Assignment: Reproduce word for word the line holding "artistic music Wallpaper Backgrounds" and all lines after it in the data, through the end, leaving out pictures.

** Opening Collected material block **

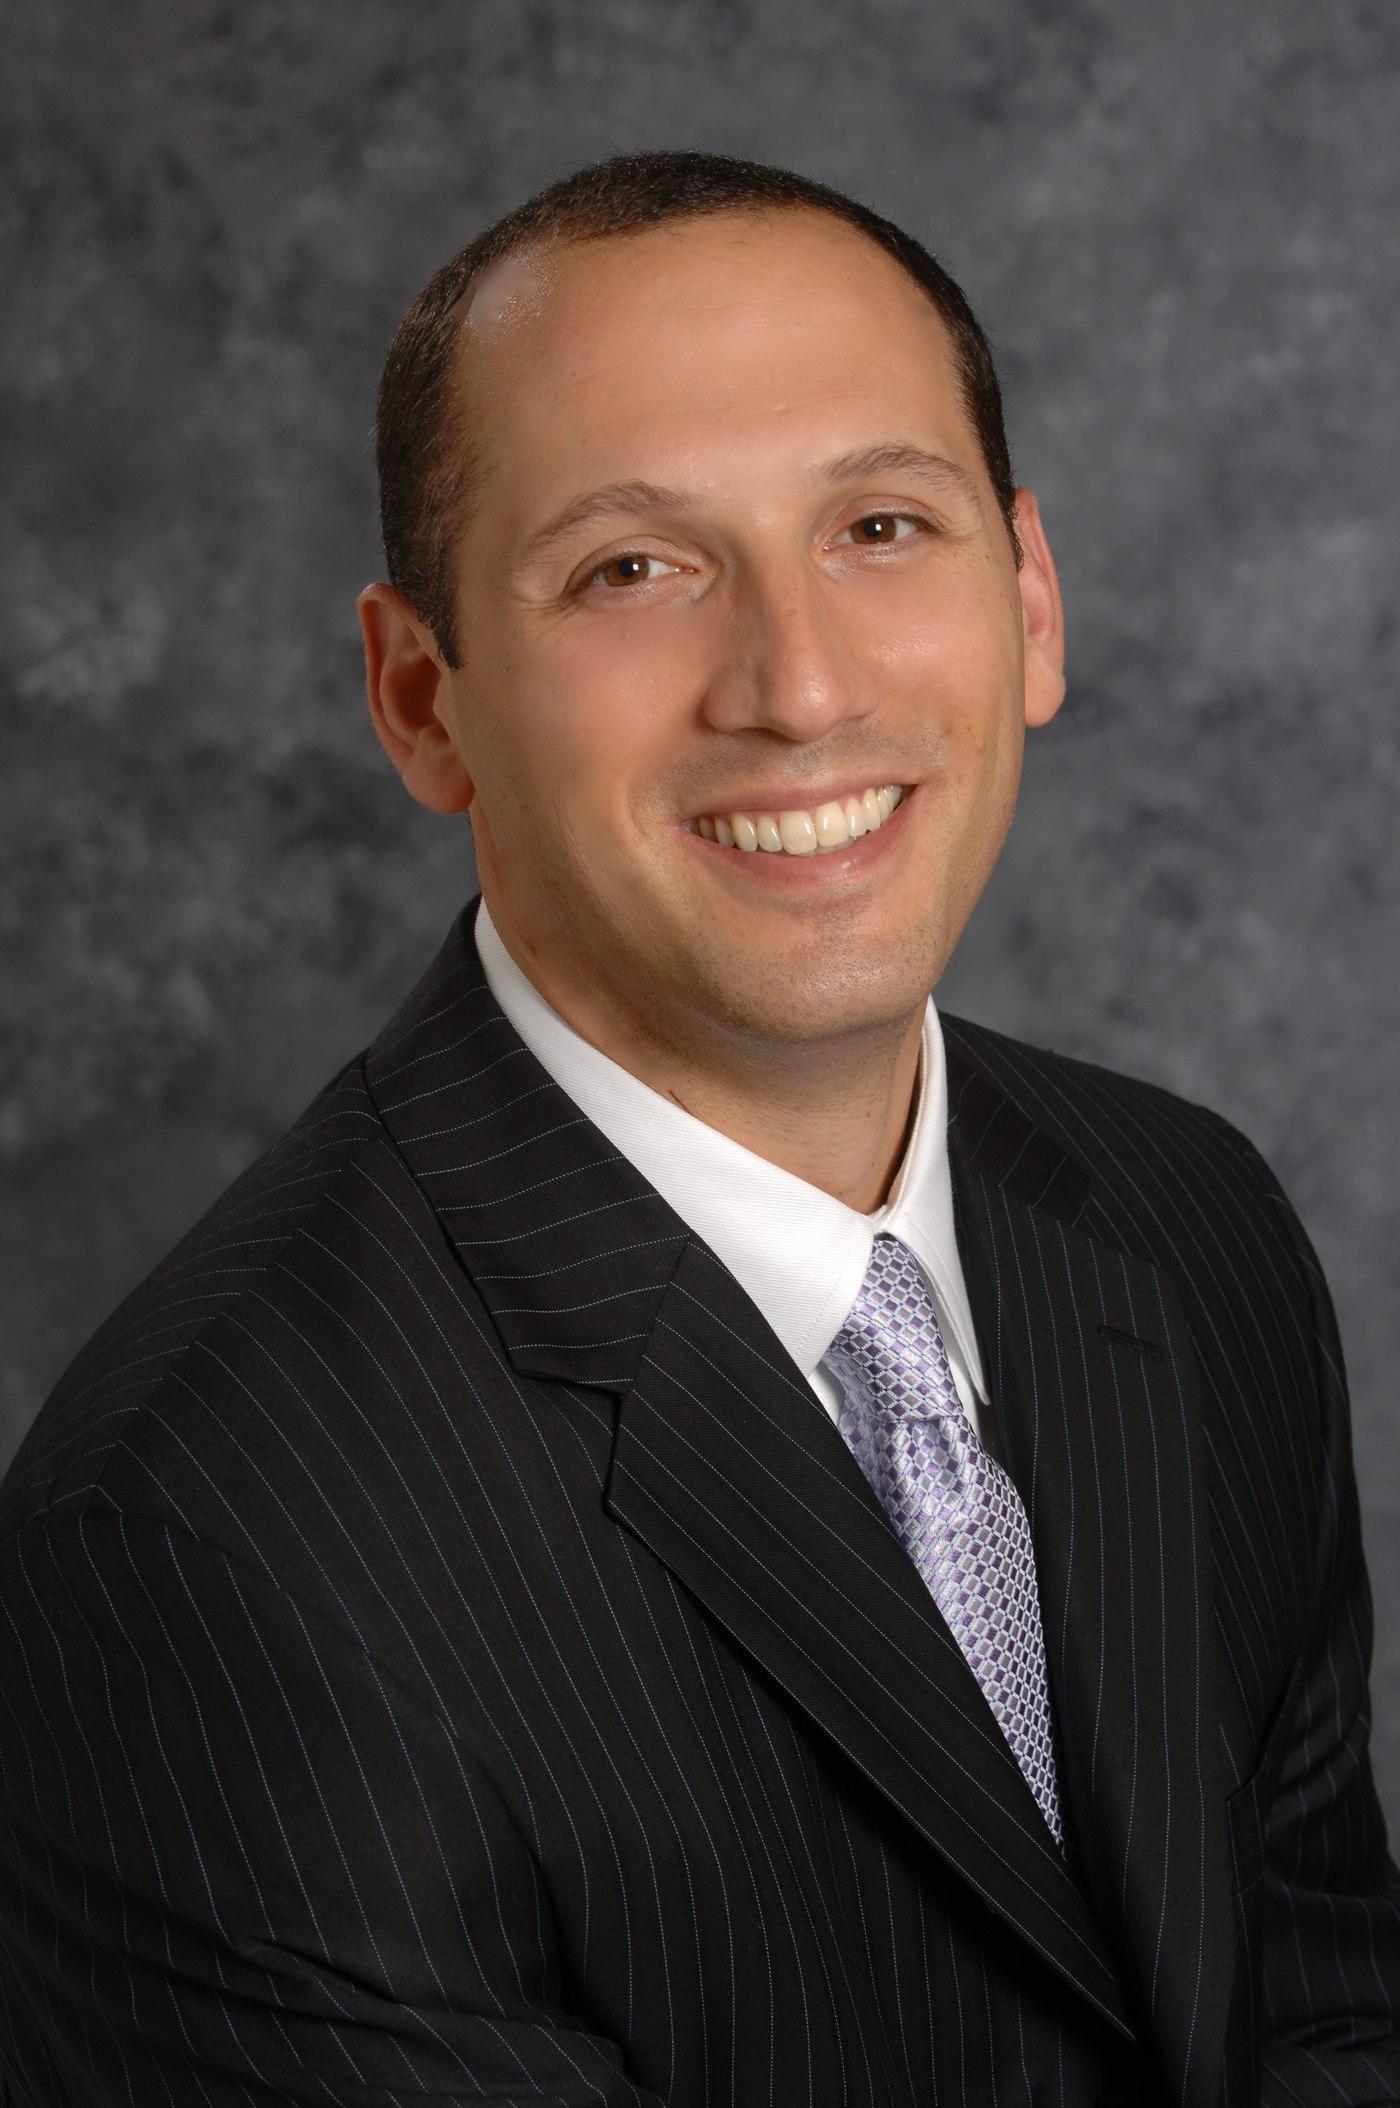 Fertility Doctor Joshua M. Hurwitz, MD
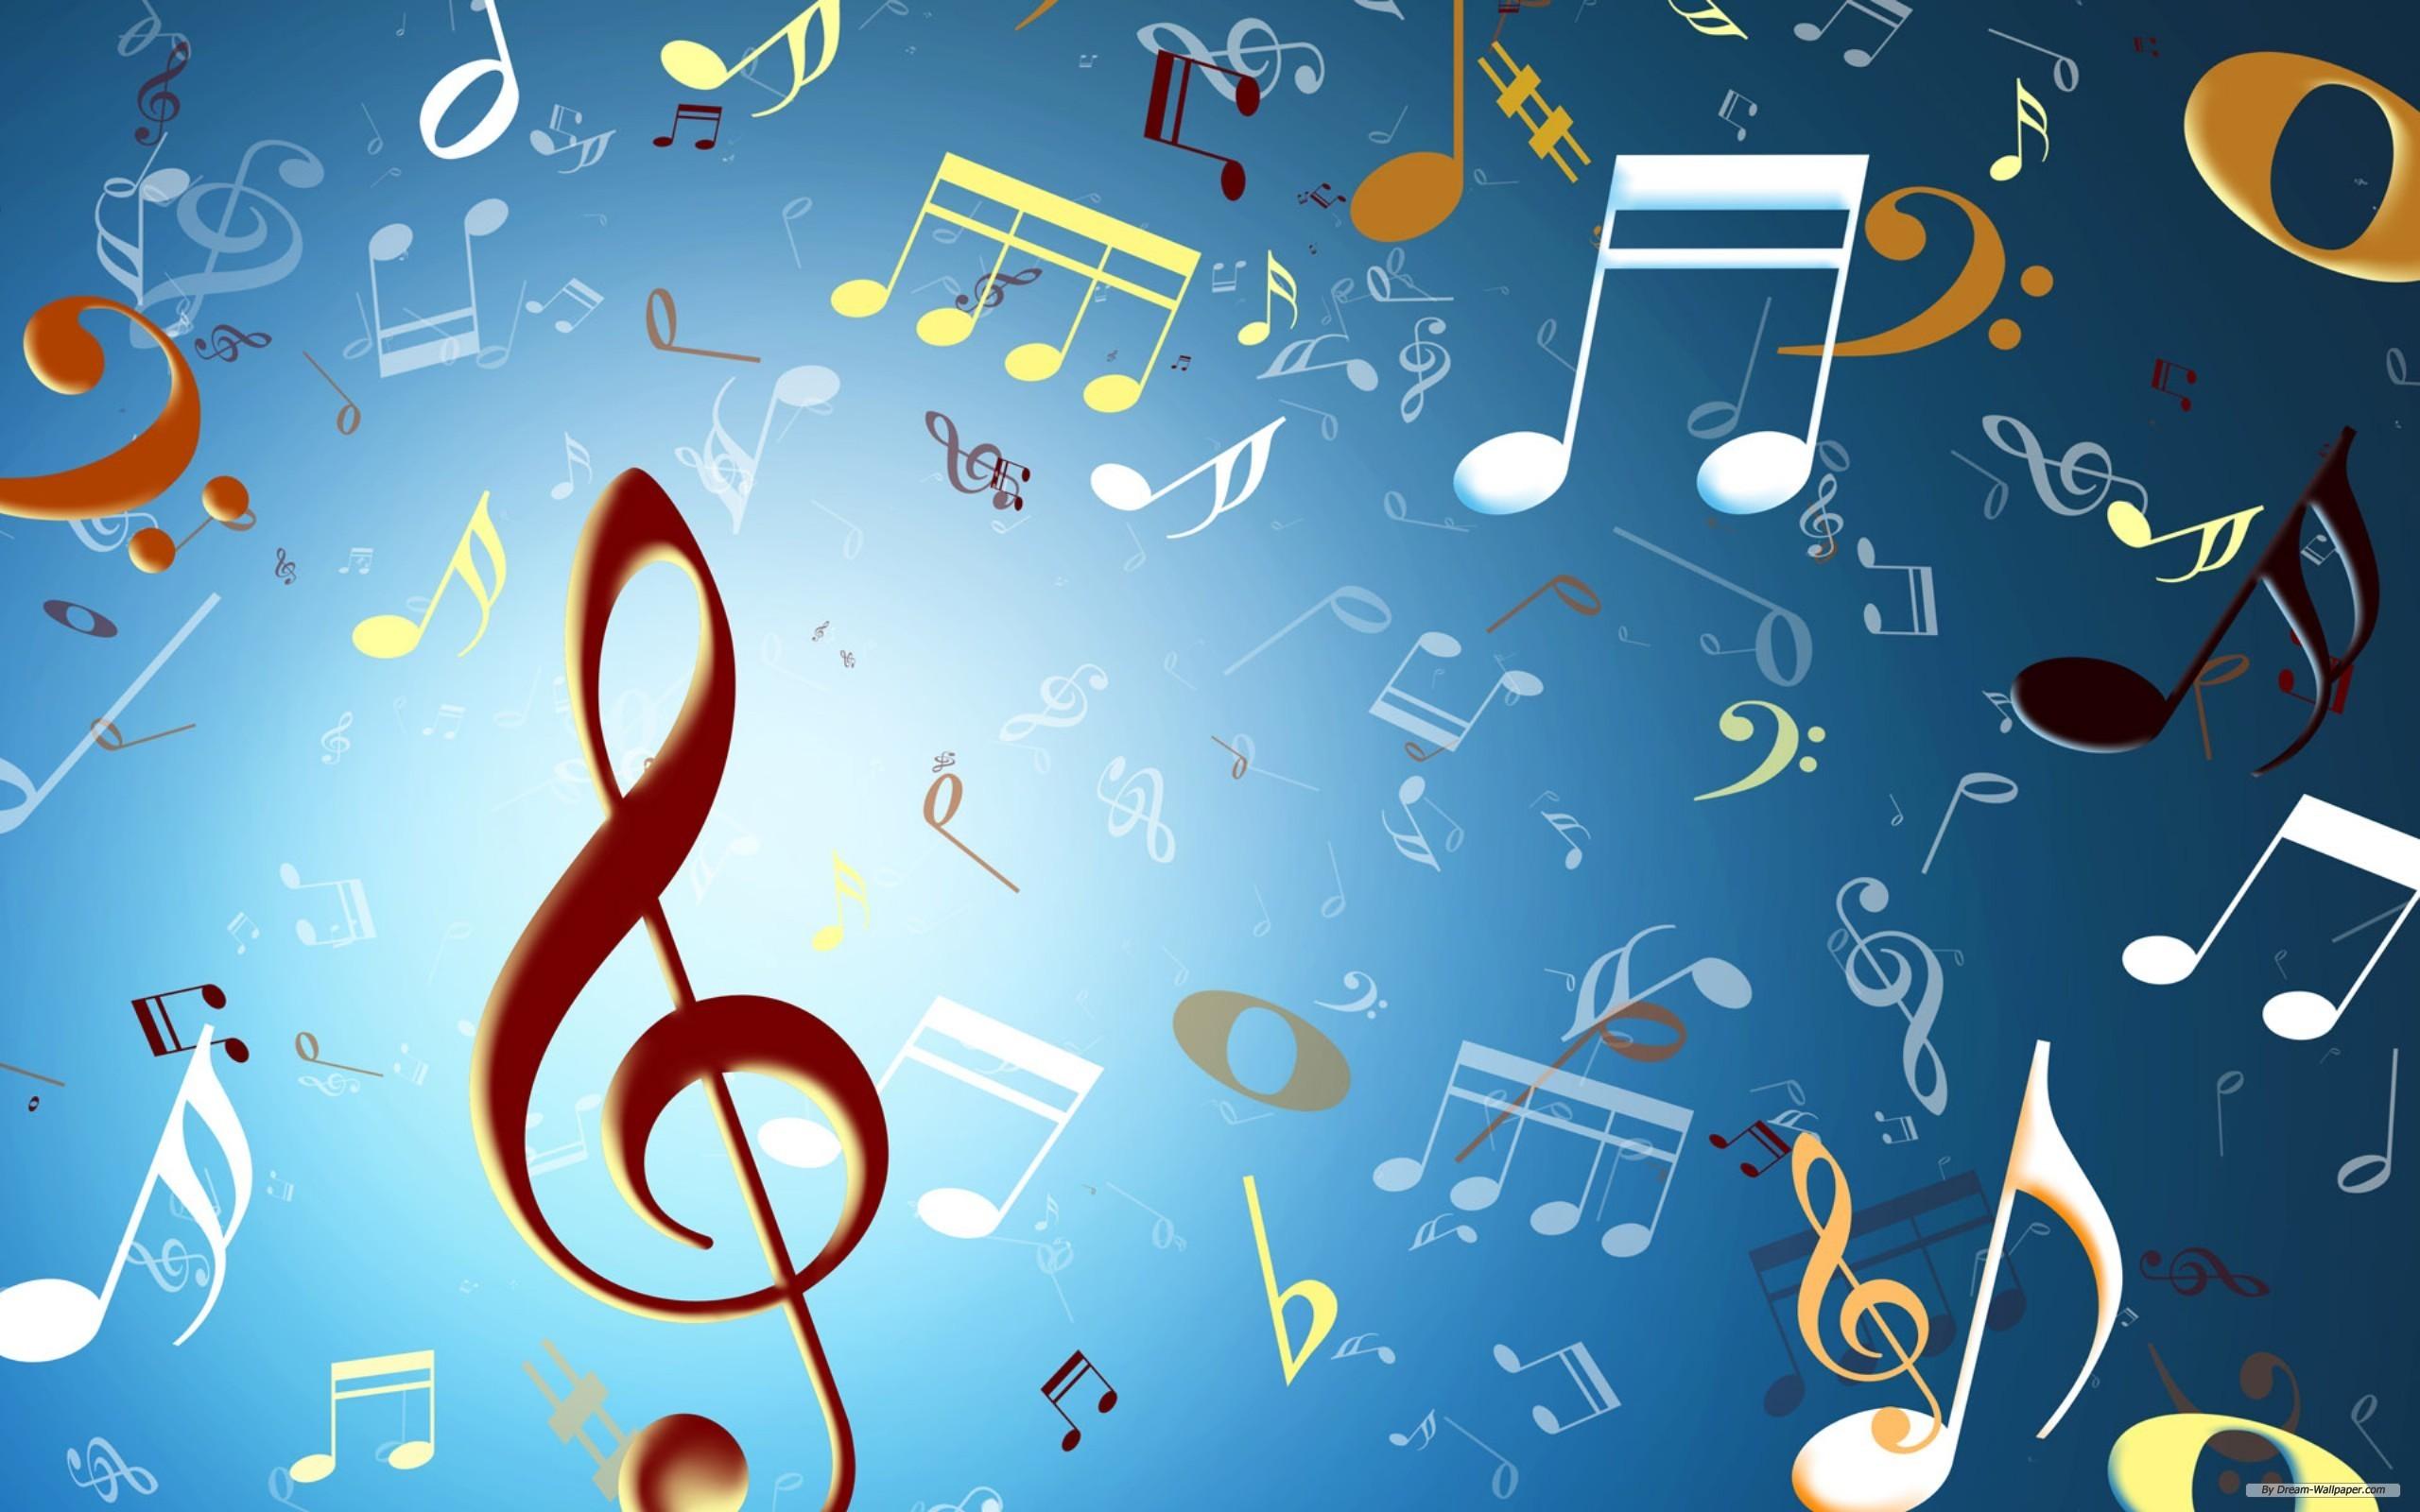 artistic music Wallpaper Backgrounds
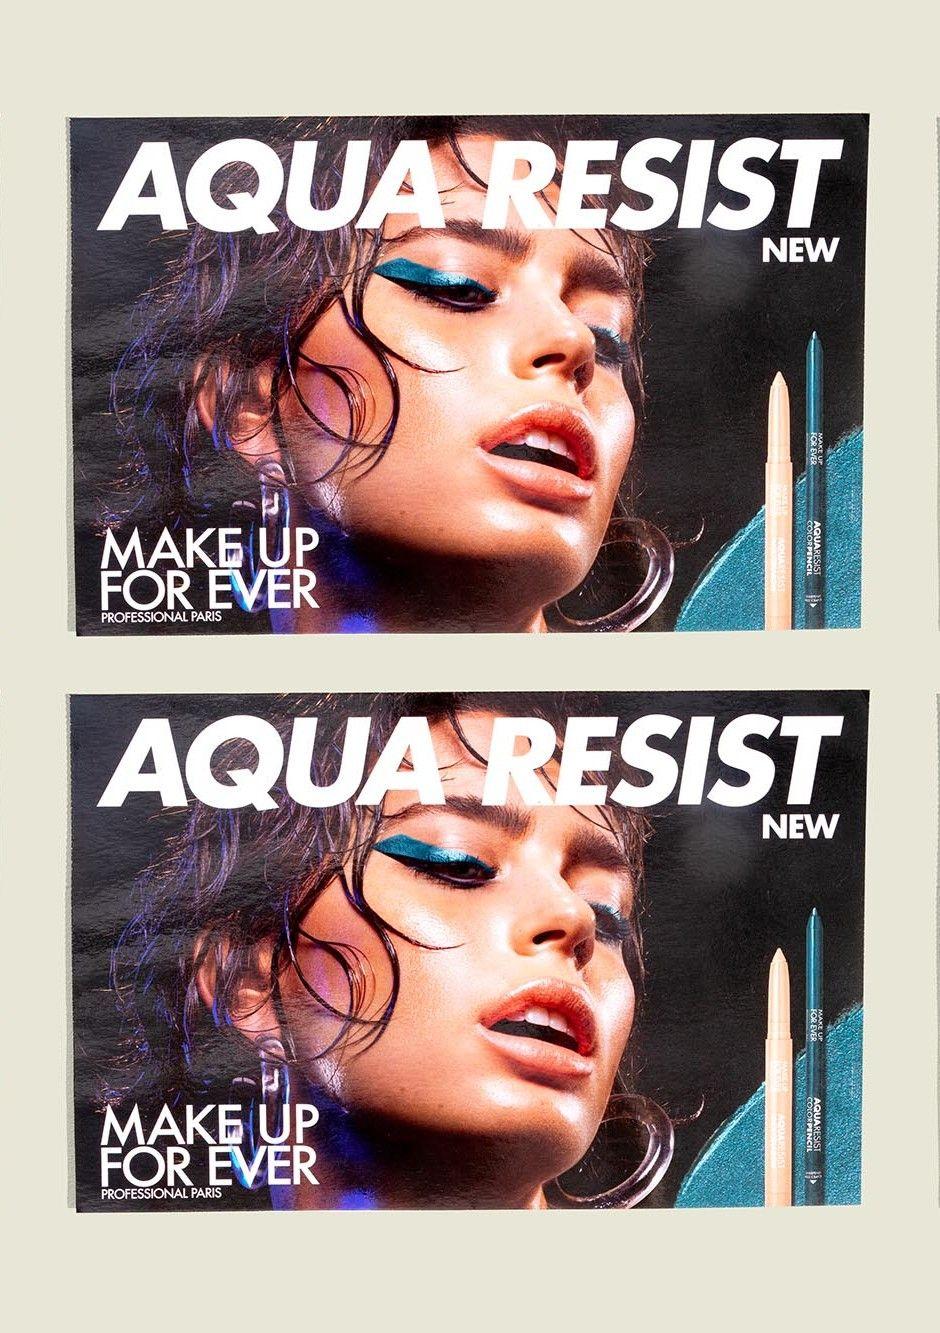 Custom printed posters

** Closing Collected material block **

Your response:
 artistic music Wallpaper Backgrounds
 Custom printed posters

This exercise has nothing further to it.